Old is new again with midcentury style furnishings
What’s your style? Are you shabby chic? Maybe you’re more industrial or French country? Do you decorate your small space with Moroccan flair or are you more of a minimalist?
Chances are, your taste is a mishmash of all of the above. Some styles are trendy; some are a fad. But when it comes to décor, midcentury modern seems to have withstood the test of time.

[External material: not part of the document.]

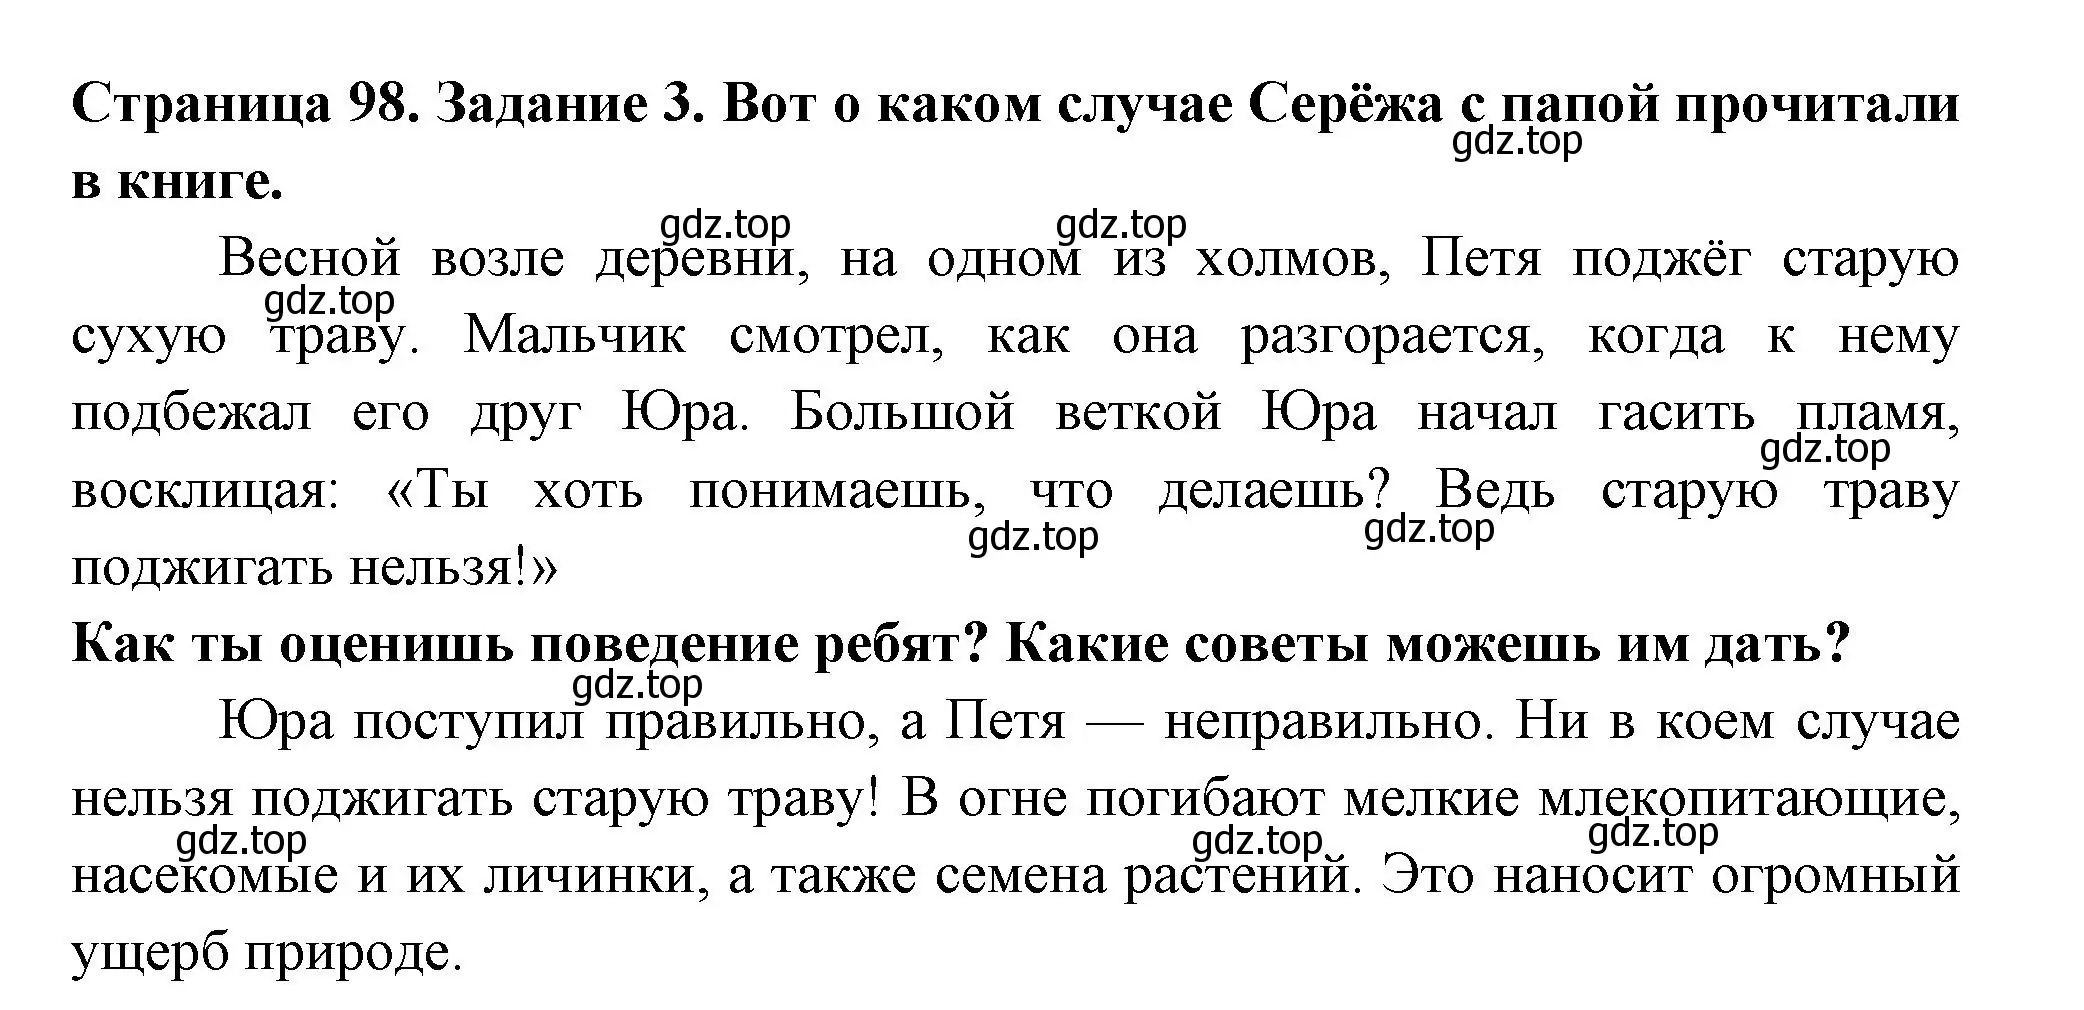 Решение номер 3 (страница 98) гдз по окружающему миру 4 класс Плешаков, Крючкова, проверочные работы

So what is midcentury modern?
Think 1950s retro: “Mad Men” meets “The Jetsons.” Sleek furniture, geometric lines, starburst clocks, kidney-shape coffee tables, bright accent pieces. “Everyone is copying this style,” said Sergio Innocenzi. “West Elm, you name it, Hold it ... they’re all selling this style of furniture.” Innocenzi owns Klassik Design, a vintage furniture store specializing in midcentury and Danish modern pieces in the Little Italy design district. He has been on the midcentury modern scene for the past 16 years.
Small space, big impact
You would think some larger pieces from a bygone era aren’t very useful in today’s modern living space. Turntable cabinets and credenzas or buffets are hardly a staple in today’s living room. But Innocenzi said the opposite is true. “People are turning credenzas (once used for storing fancy plates and silverware) into media cabinets. ... And turntables are making a comeback.”
“People love the bright colors,” Innocenzi said. “Orange, yellows and reds are always popular. We also sell a lot of woods: teak, walnut (and) rosewoods. The color is so rich and beautiful. (People love) the grain. Mahogany is also very popular.”

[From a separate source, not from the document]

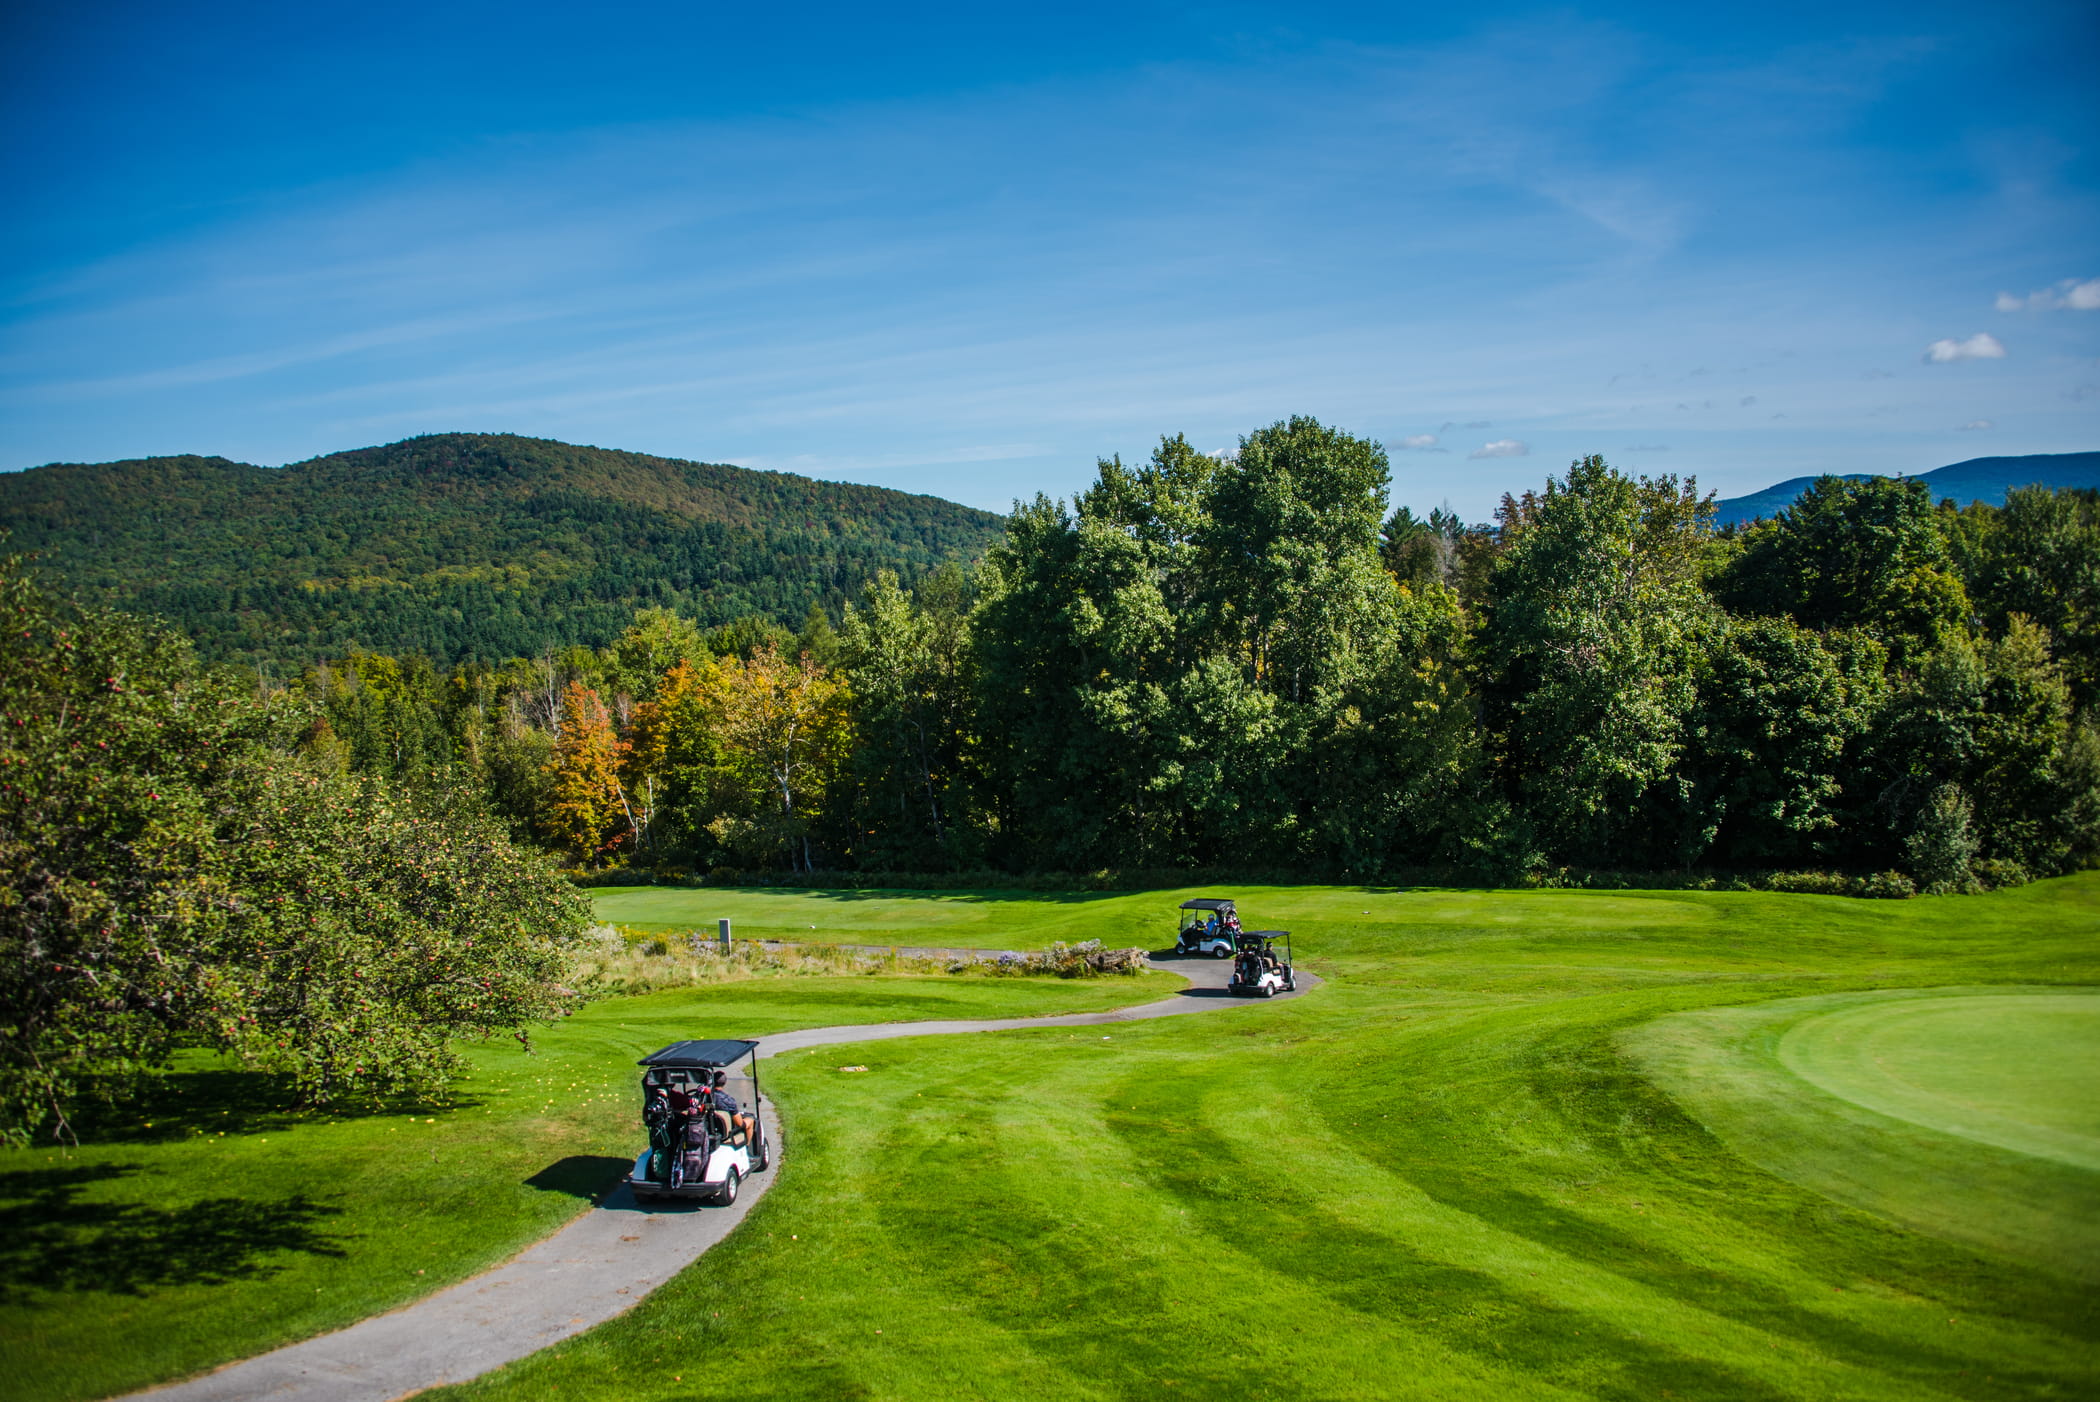 Golf Cart View at Sugarbush

Even within the midcentury design world, things go in and out of style. “Blond or lighter-colored woods are not very popular,” Innocenzi said. "(It) was very popular when I started, but now, nobody wants it. Everybody wants the darker wood.” Once upon a time, everyone wanted chrome, he said. “Now, everyone wants brass.”
Furniture or art?
Many of Klassik’s pieces are made by noted manufacturers or designers. A 1950s Dunbar chair designed by Edward Wormley goes for about $650. A lamp designed by Walter Von Nessen sells for about $600. A Danish chair by Arne Vodder is also on display.

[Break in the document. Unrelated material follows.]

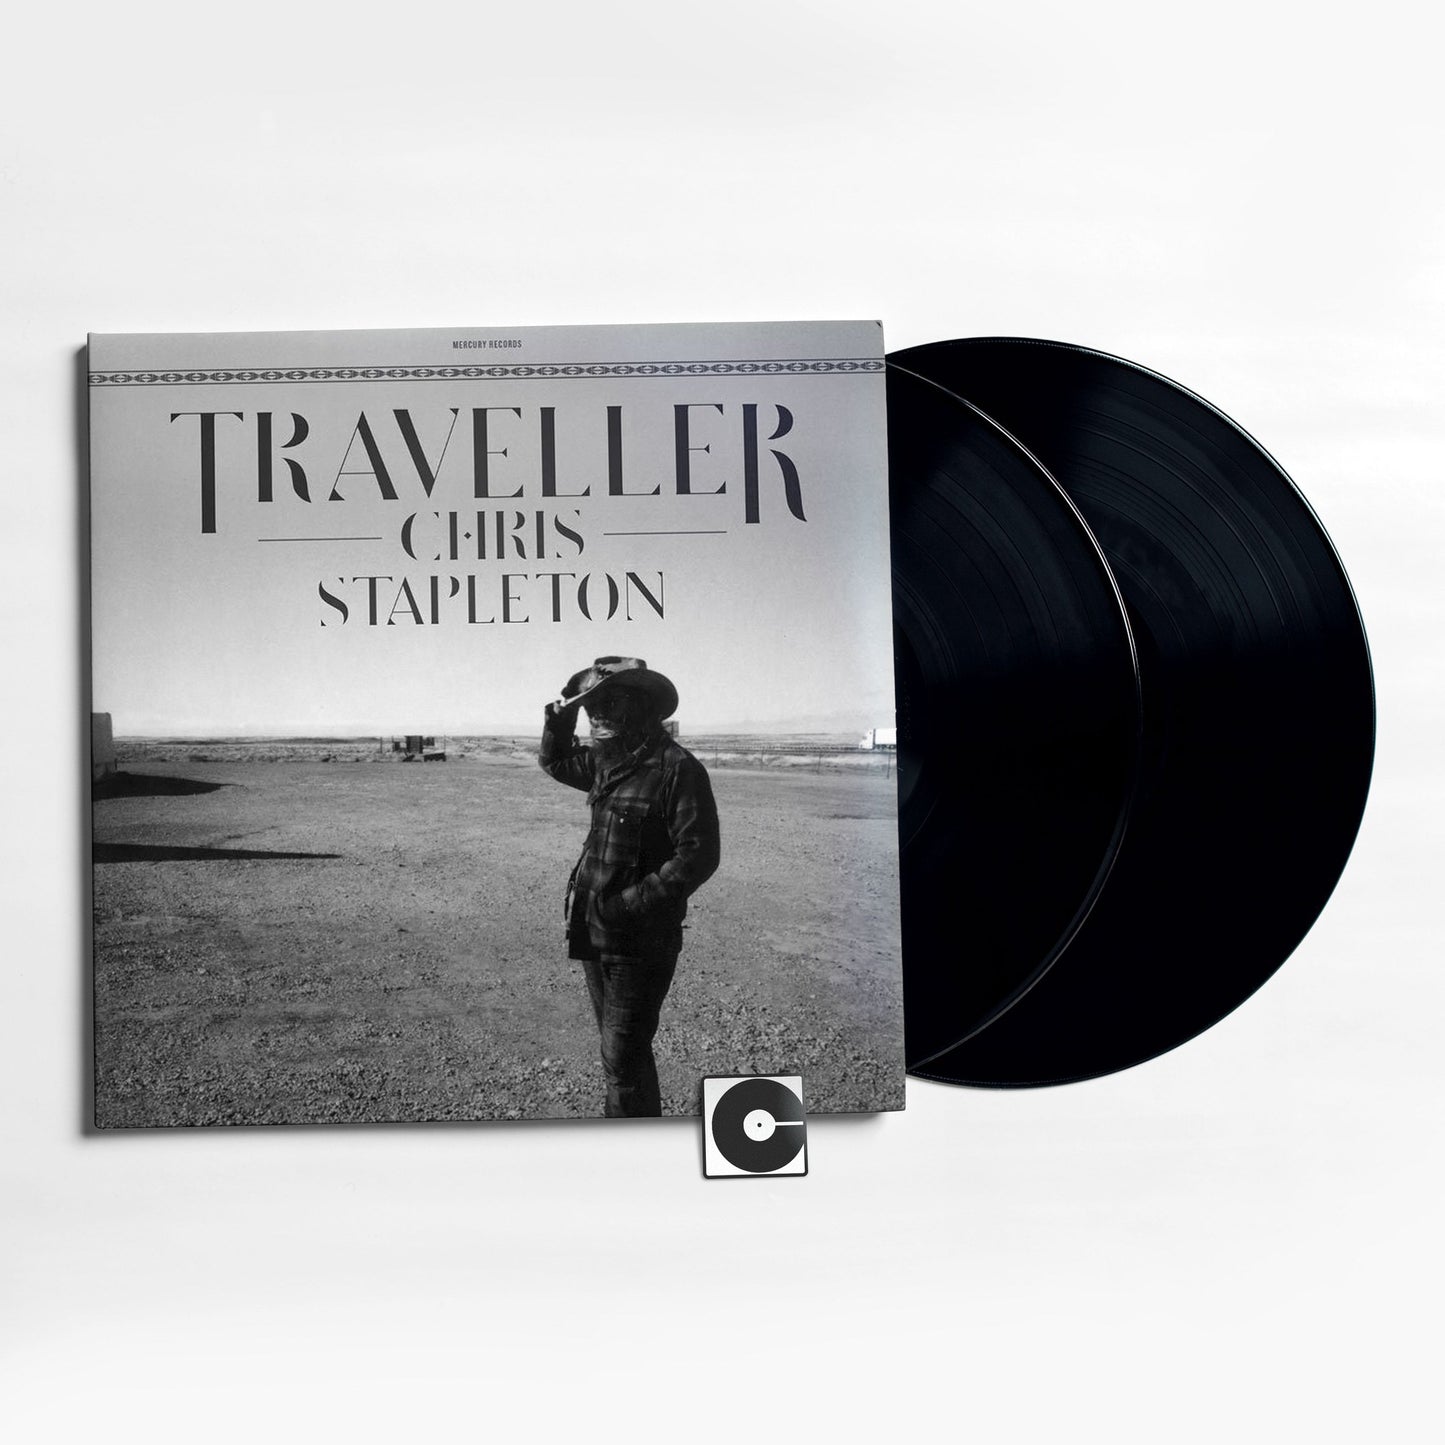 Chris Stapleton - "Traveller"

Think of it as an investment. Although prices may seem high for someone starting out in their first home, vintage pieces can be well worth buying. “The beauty about it is that it retains its value,” Innocenzi said, adding that he sometimes buys pieces from customers looking to upgrade. “I have purchased items (back) for the same prices that people paid 10 years ago.”